In many domains that involve machine learning, a widely successful paradigm for learning task-specific models is to first pre-train a general-purpose model from an existing diverse prior dataset and then adapt the model with a small addition of task-specific data. This paradigm is attractive to real-world robot learning since collecting data on a robot is expensive, and fine-tuning an existing model on a small task-specific dataset could substantially improve the data efficiency for learning a new task. Pretraining a policy with offline reinforcement learning and then fine-tuning it with online reinforcement learning is a natural way to implement this paradigm in robotics. However, numerous challenges arise when using this recipe in practice.
Firstly, compared to the local robot platform, off-the-shelf robot datasets frequently employ different objects, fixture placements, camera perspectives, and lighting conditions. Effectively fine-tuning a robot policy becomes challenging due to non-trivial distribution shifts between pretraining and online fine-tuning data. Most previous studies only highlight the advantages of the pre-train and fine-tune paradigm, in which the robot employs the same hardware instance for both the fine-tuning and pretraining stages. Second, significant human supervision is frequently needed when training or fine-tuning a policy in the actual world. This supervision involves manually resetting the environment between trials and designing reward functions.
They aim to tackle these two issues in this study and provide a workable framework that allows robot fine-tuning with the least human and time-consuming effort. In the last several years, significant advancements have been made in developing effective and self-governing reinforcement learning algorithms. However, only the system could learn with human supervision and various demonstration datasets without requiring human-engineered incentive mechanisms and manual environment resets. Reset-free reinforcement learning (RL) is one method put forth in certain works to lessen the necessity for manual environment resets. During training, an agent alternates between executing a task policy and a reset policy, updating both with online experience.
These efforts, however, do not use a variety of commercial robot datasets. Though these new techniques have not been included in a system that attempts to minimize human supervision during the fine-tuning phase, recent advancements in offline reinforcement learning algorithms have enabled policies to exploit various offline data and develop further via online fine-tuning. Other papers suggest that learning reward prediction models can replace the requirement for human-specified reward functions; nevertheless, they discovered that many of these models can be fragile when used in an actual RL fine-tuning environment. In conclusion, while earlier research has provided the necessary individual components for constructing a functional system for effective and human-free robot learning, it is still being determined which components and how to assemble them.
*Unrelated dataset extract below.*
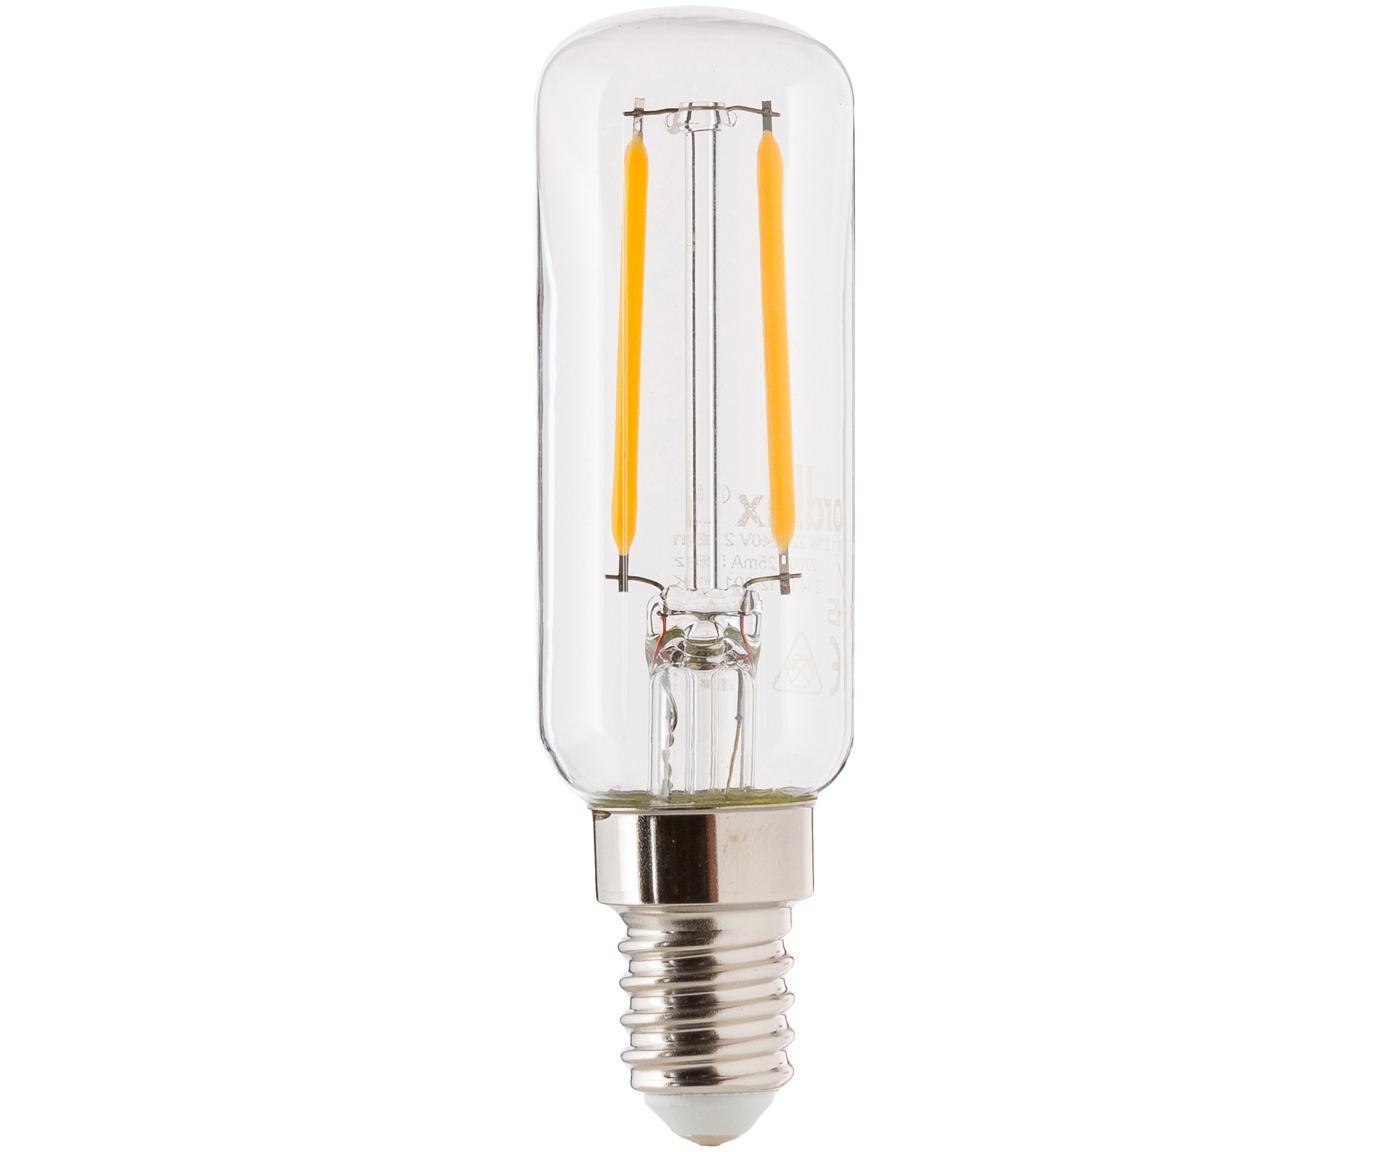 Lampadina a LED Yura (E14 / 2Watt), Lampadina: vetro, Trasparente, Ø 3 x Alt. 9 cm

Researchers from Stanford University created ROBOFUME, a system that uses a variety of offline datasets and online fine-tuning to enable autonomous and effective real-world robot learning. Their system has two stages of operation. They assume that during the pretraining phase, they have access to a varied prior dataset, a small collection of sample failure observations in the target task, a few task demonstrations, and reset demonstrations of the target task. They derive a language-conditioned, offline reinforcement learning multitask strategy from this data. They require an algorithm that can both robustly fine-tune in environments distinct from those seen in the offline dataset and efficiently digest heterogeneous offline data to handle the shift in distribution between offline interactions and online interactions.
They discover that calibrated offline reinforcement learning techniques ensure that the pre-trained policy can efficiently process a variety of offline data and keeps improving during online adaptation by correcting the scale of the learned Q-values and underestimating predicted values of the learned policy from offline data. They must eliminate the requirement for reward engineering by developing a reward predictor to guarantee that the online fine-tuning phase requires as little human input as possible.
Their clever approach involves using a sizable vision-language model (VLM) to provide a reliable pre-trained representation, then honing it with a tiny quantity of in-domain data to make it specific to the reward classification scenario. Pre-trained VLMs have already been trained using large-scale linguistic and visual data from the internet. Compared to the models employed in earlier efforts, this makes the model more resilient to changes in lighting and camera placement. During the fine-tuning stage, a robot independently adjusts the policy in the actual world by alternating between trying to complete the job and restoring the environment to its initial state distribution. Meanwhile, the agent updates the procedure using the pre-trained VLM model as a stand-in reward.
To assess their framework, they pre-train it on the Bridge dataset and then test it on various downstream real-world tasks, such as folding and covering cloths, picking up and placing sponges, covering pot lids, and setting pots in sinks. They discover that with as little as three hours of in-person instruction, their strategy offers notable advantages over offline-only techniques. In a simulation scenario, they conduct additional quantitative trials to show that their strategy works better than imitation learning and offline reinforcement learning approaches that either don’t fine-tune online or don’t use a variety of previous data.
A fully autonomous system for pre-training from an earlier robot dataset and fine-tuning on an unknown downstream task with a minimum number of resets and learned reward labels are among their primary contributions. Secondly, they have developed a technique for refining vision-language models that have already been trained and utilizing them to create a surrogate reward for downstream reinforcement learning.